自らの考えていることを音の形にして示すには、彼はやはりまだ幼かった。何かが致命的に欠けていたのだ。
おそらくその欠けた何かには「勇気」という名前が付いていたに違いない。

言葉を尽くす勇気、できないことはできないと言う勇気、助けを求める勇気、手を伸べる勇気。

「あっ、」

グズマは思わず声を落とした。アローラの島が見えなくなっていたからだ。

グズマがアローラの島を見失って数時間後、船は無事、クチバシティへと到着した。
忙しなく動く人の波になんとか乗りながら乗船場の外へと出ていく。肌を刺す風は涼しく、気温の低い海から潮風の気配を拾い上げることは困難であった。
カントーの海はアローラのように眩しくない。カントーの海はアローラのように強い海の香りを運ばない。アローラにあるべき全てが此処にはない。

海を一つ越えただけで、こんなにも違うものなのか。
グズマは思わず視線を海へと移した。アスファルトに打ち付けてぱしゃりと波立つ白いそこに、あの甘い揚げ菓子が揺蕩っているような気がしたのだ。

「こんにちは!」

彼が憂愁に浸ろうとしていたその時、その大きな背中に甲高い挨拶の声音が飛んできた。
慌てて振り返れば、16歳か17歳くらいの少女が真っ直ぐにグズマを見上げていた。
癖のある長い髪の毛は、耳の下で2つに束ねられていた。大きく見開かれた茶色い目は、太陽の光を受けて琥珀のように煌めいていた。
おう、と怪訝そうに返事をすれば、彼女はニコニコと子供っぽい笑みを浮かべながら彼の隣に立つ。
グズマはその少女ではなく、船着き場を緩慢に見渡す。

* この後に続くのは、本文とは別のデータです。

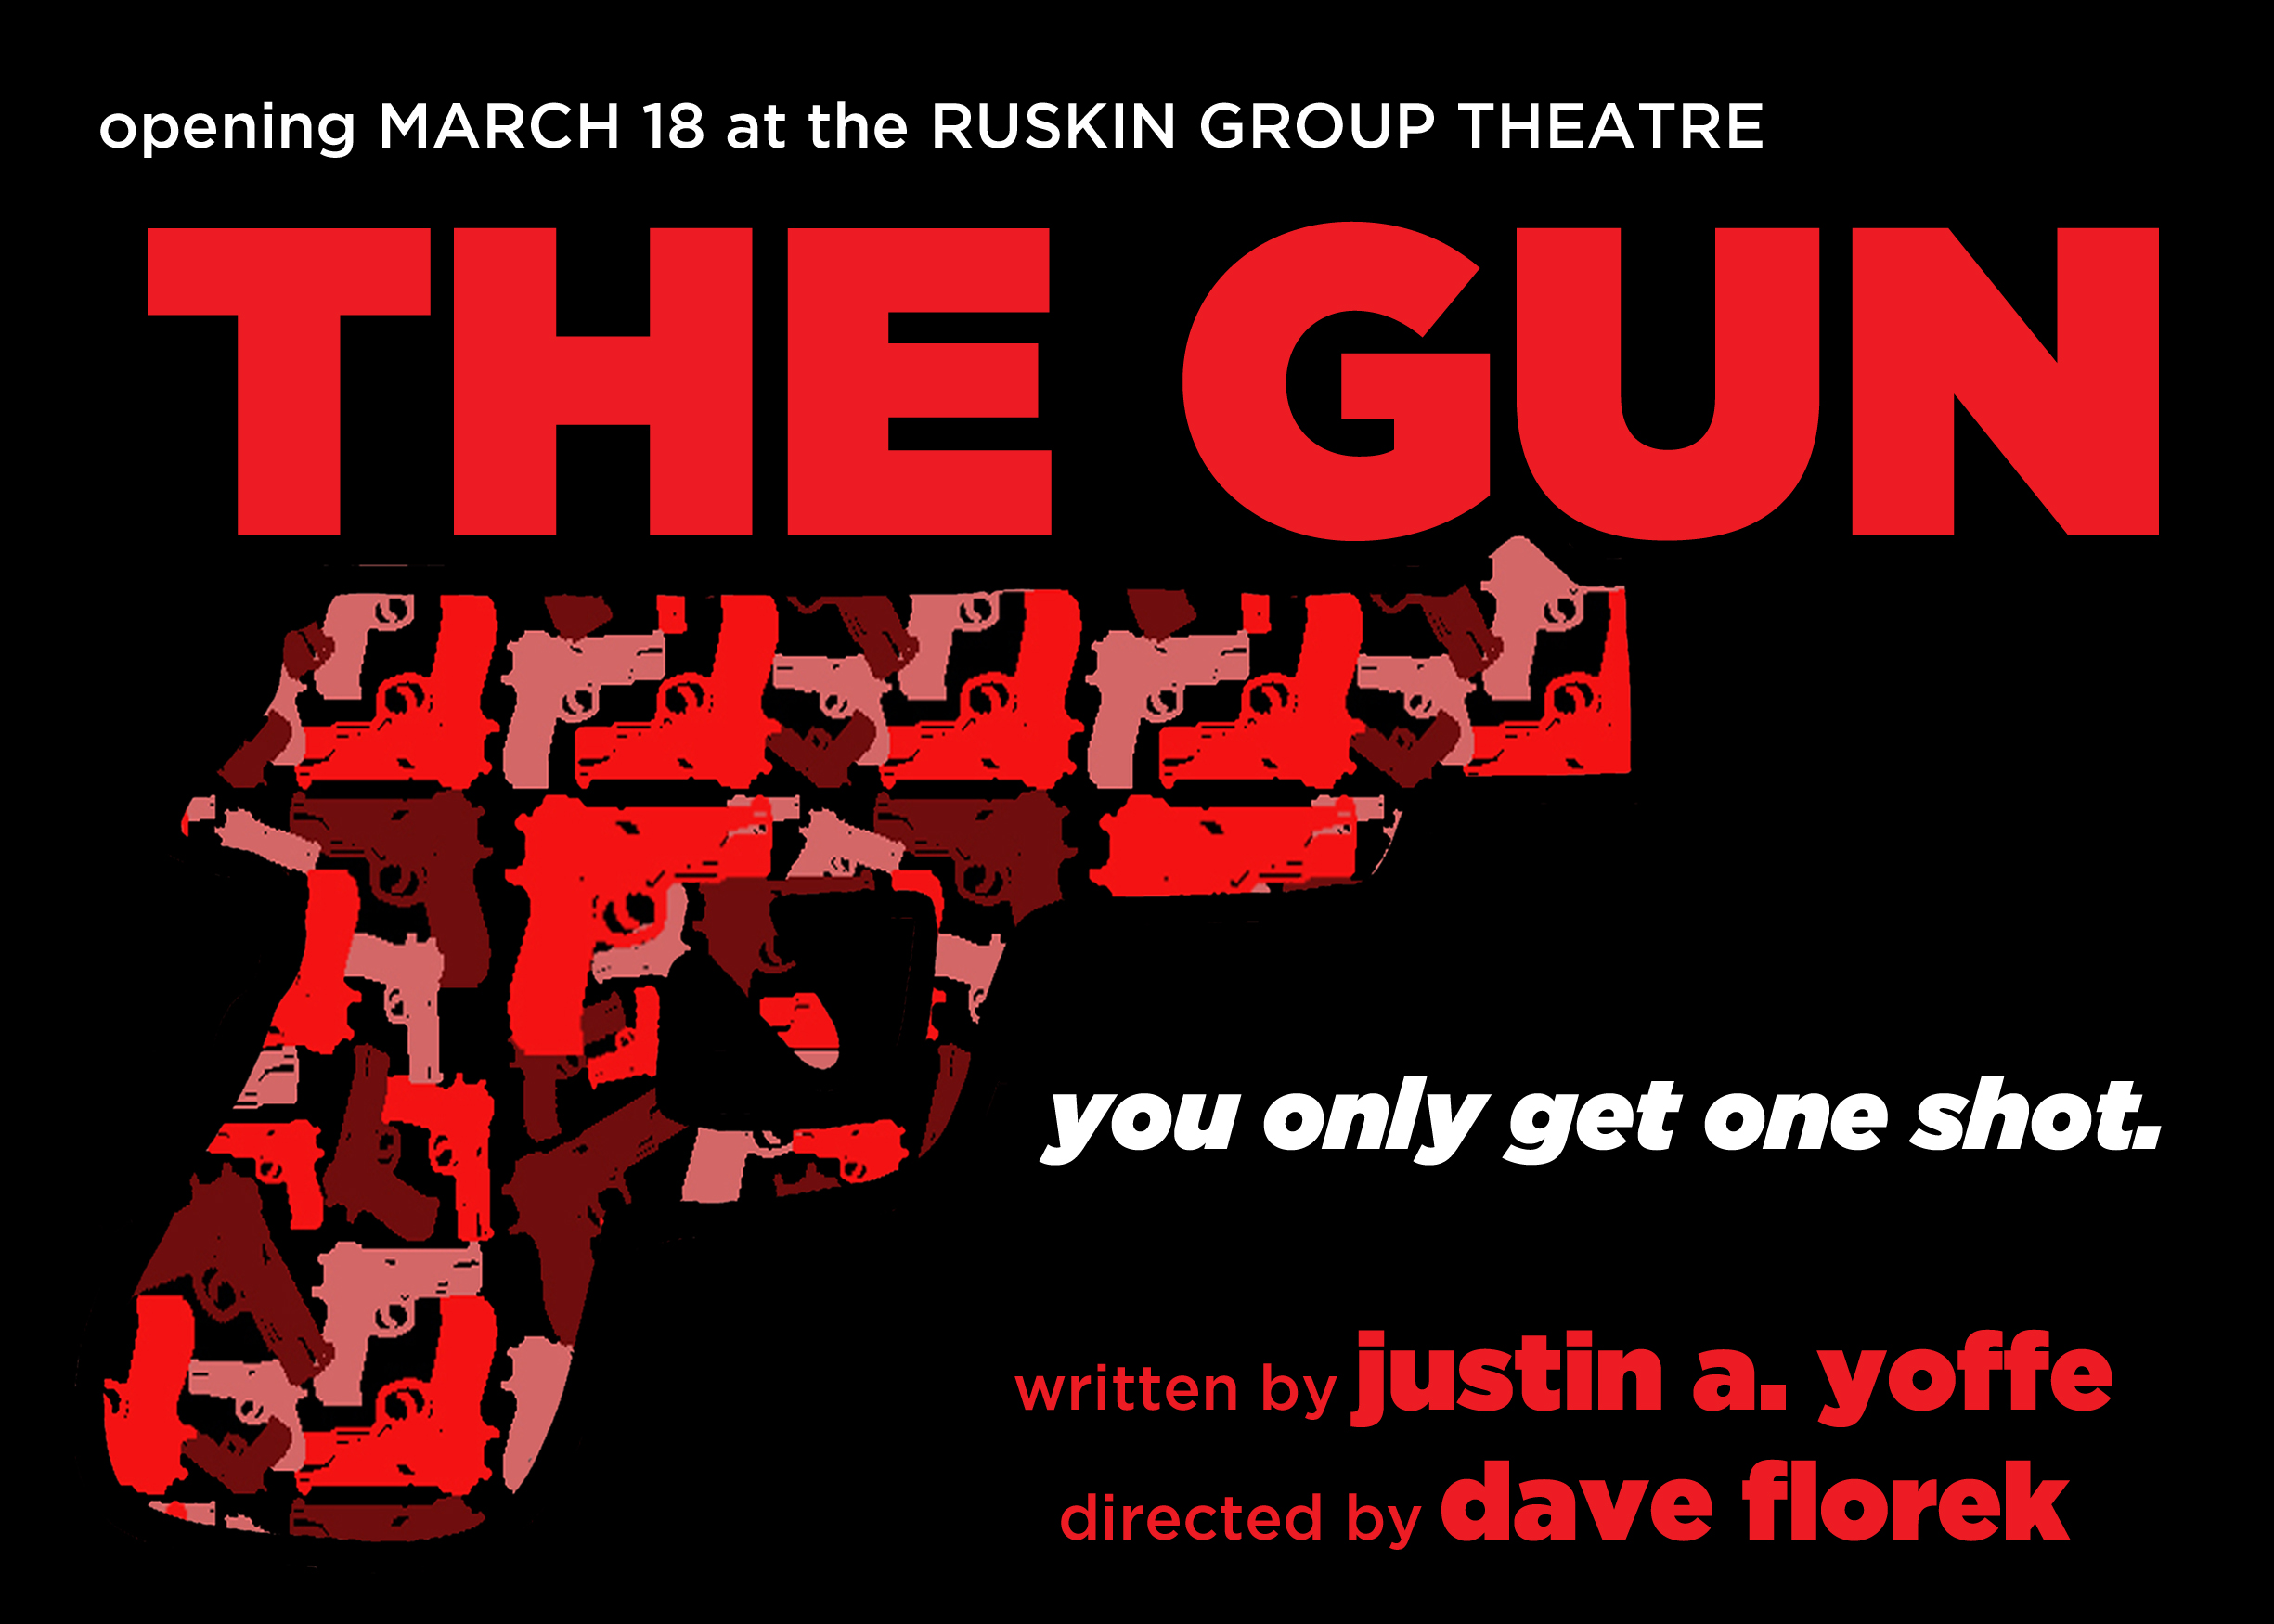 The Ruskin Theatre Group Presents: The Gun
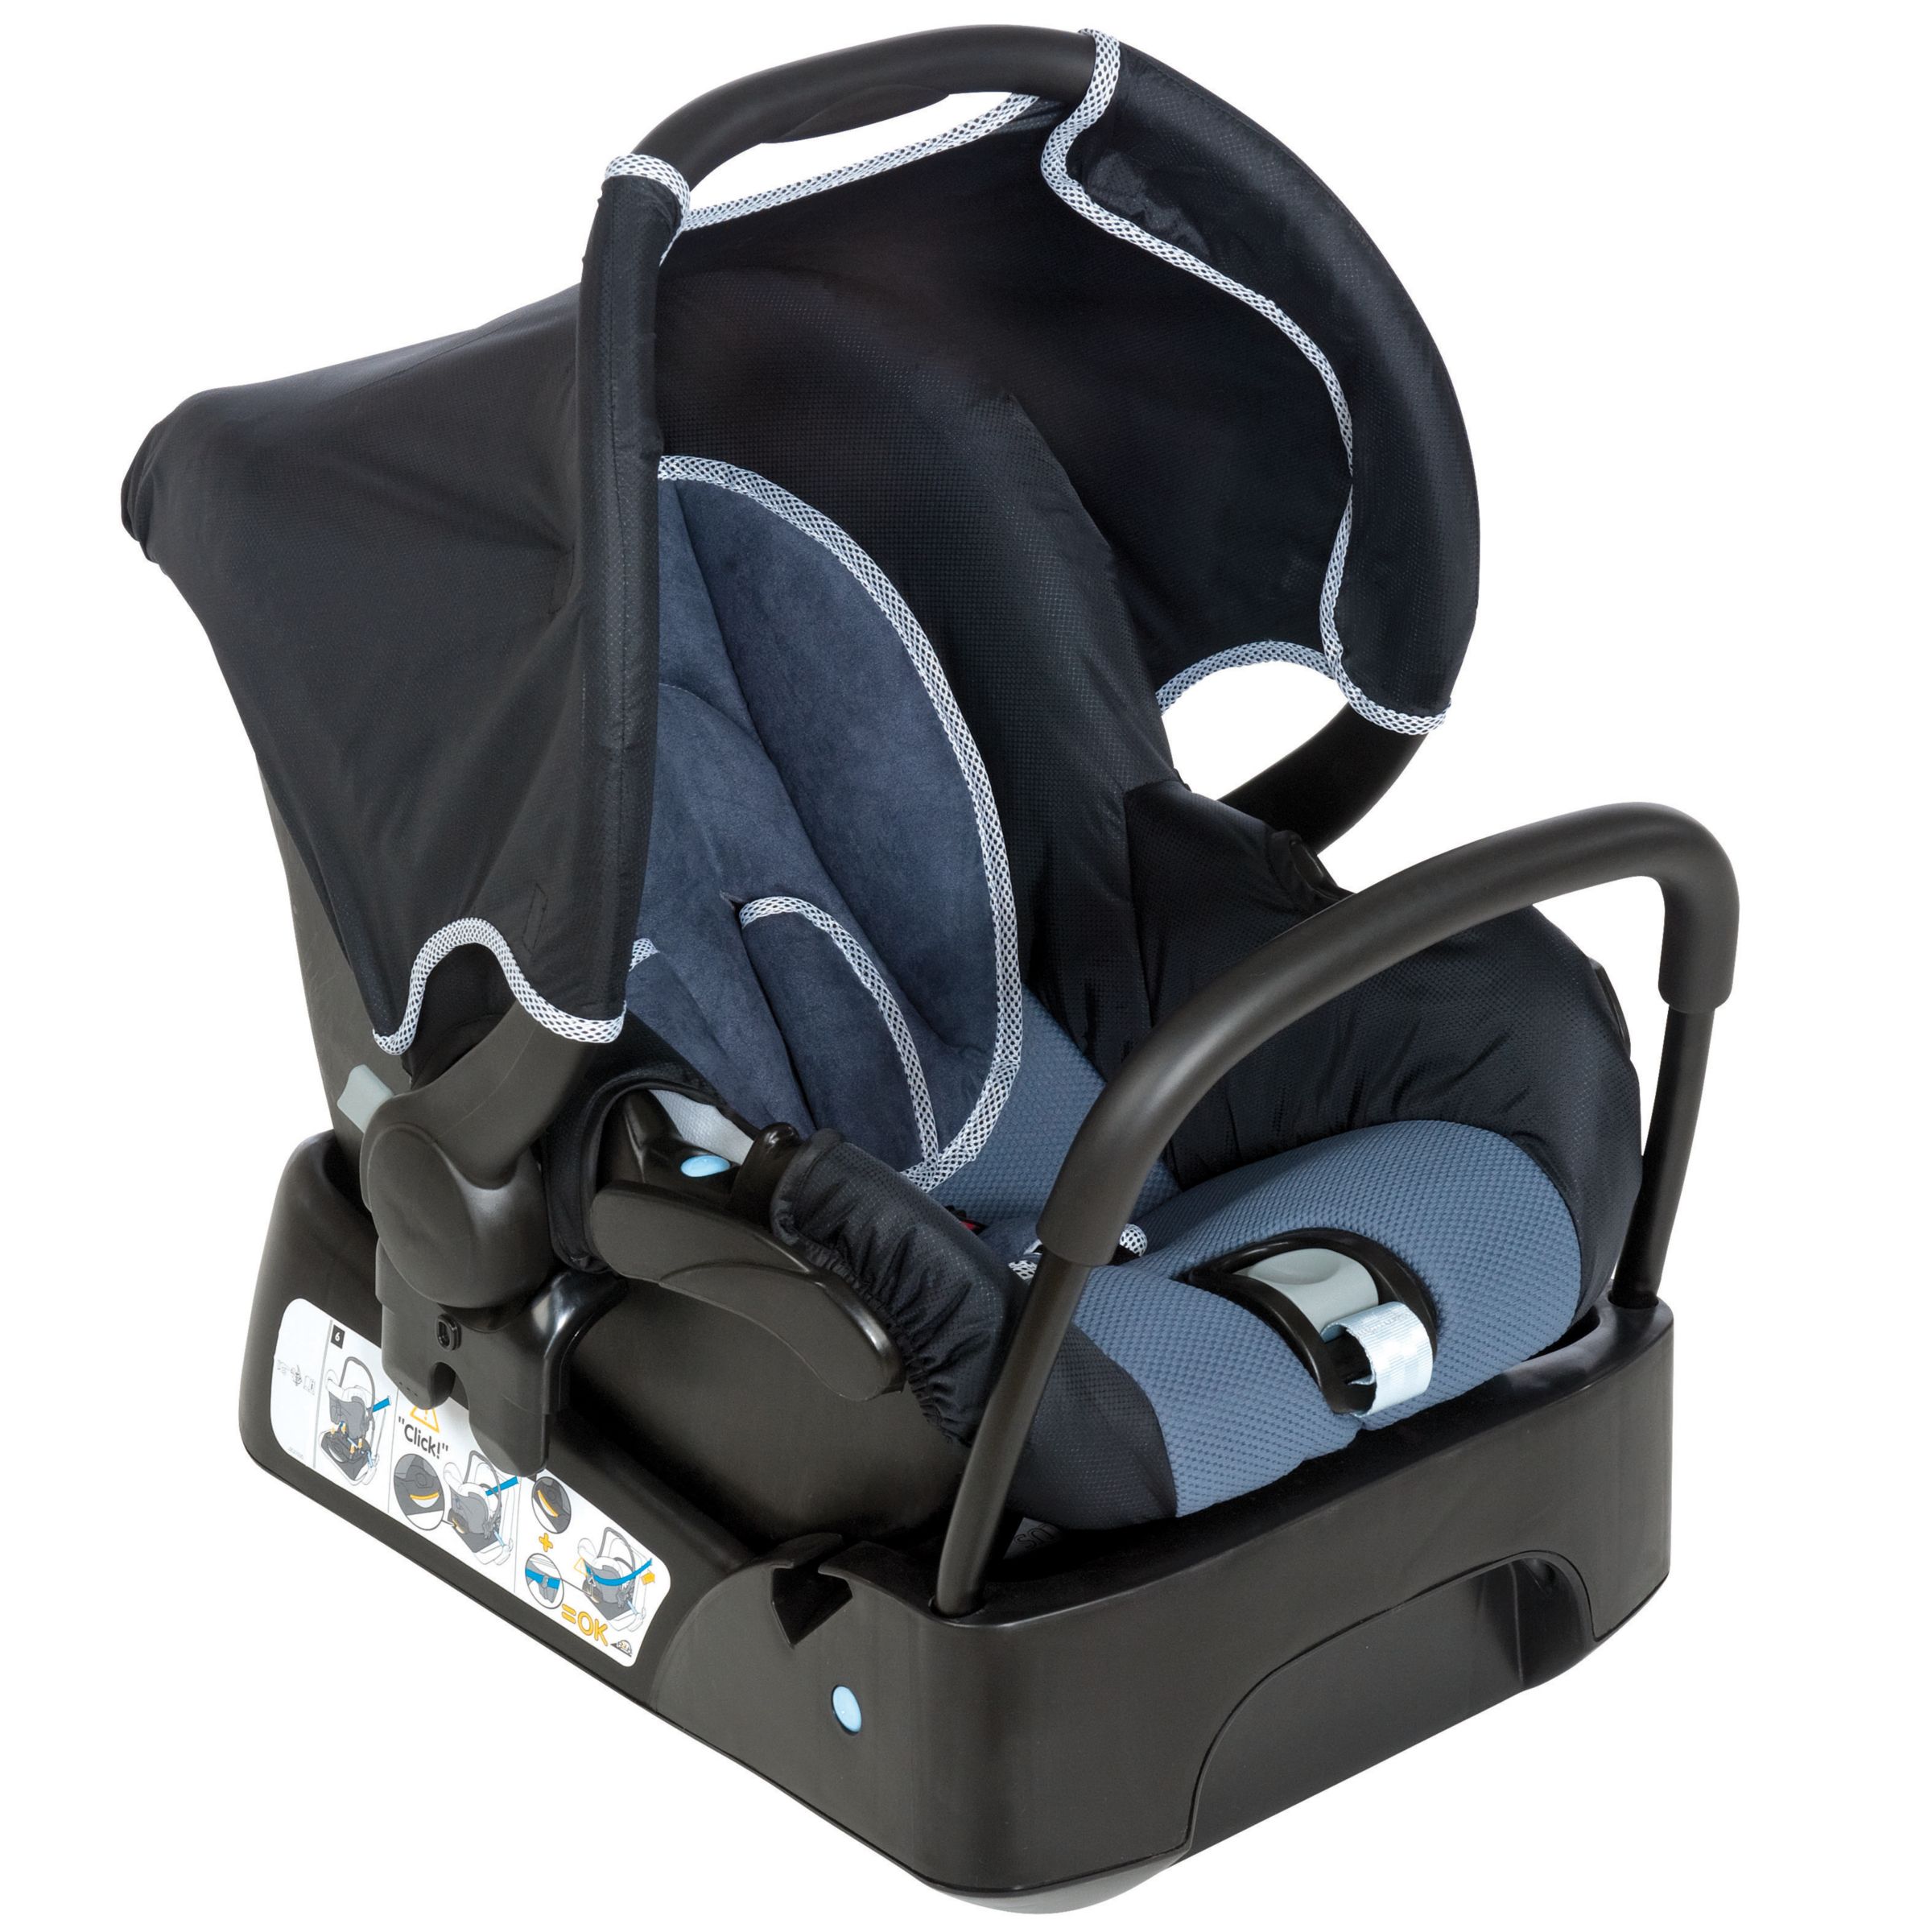 Safety 1st One Safe Plus Infant Carrier and

あの金髪の少女はまだ、現れない。

「お兄さん、観光でいらしたんですか?」

「いや、人に会いに来たんだ。用が済んだらすぐ帰る」

「あれ、そっか……。お忙しい人なんですね」

彼が会うべきはこの少女ではなかった。彼はこの少女と世間話をするために、クチバシティの船着き場へと足を下ろしたのでは決してなかった。
故に彼がこの少女を気に留める必要などまるでなかった筈なのだが、彼女の口から飛び出した思わぬ言葉に、彼は視線を隣へ落とすこととなってしまう。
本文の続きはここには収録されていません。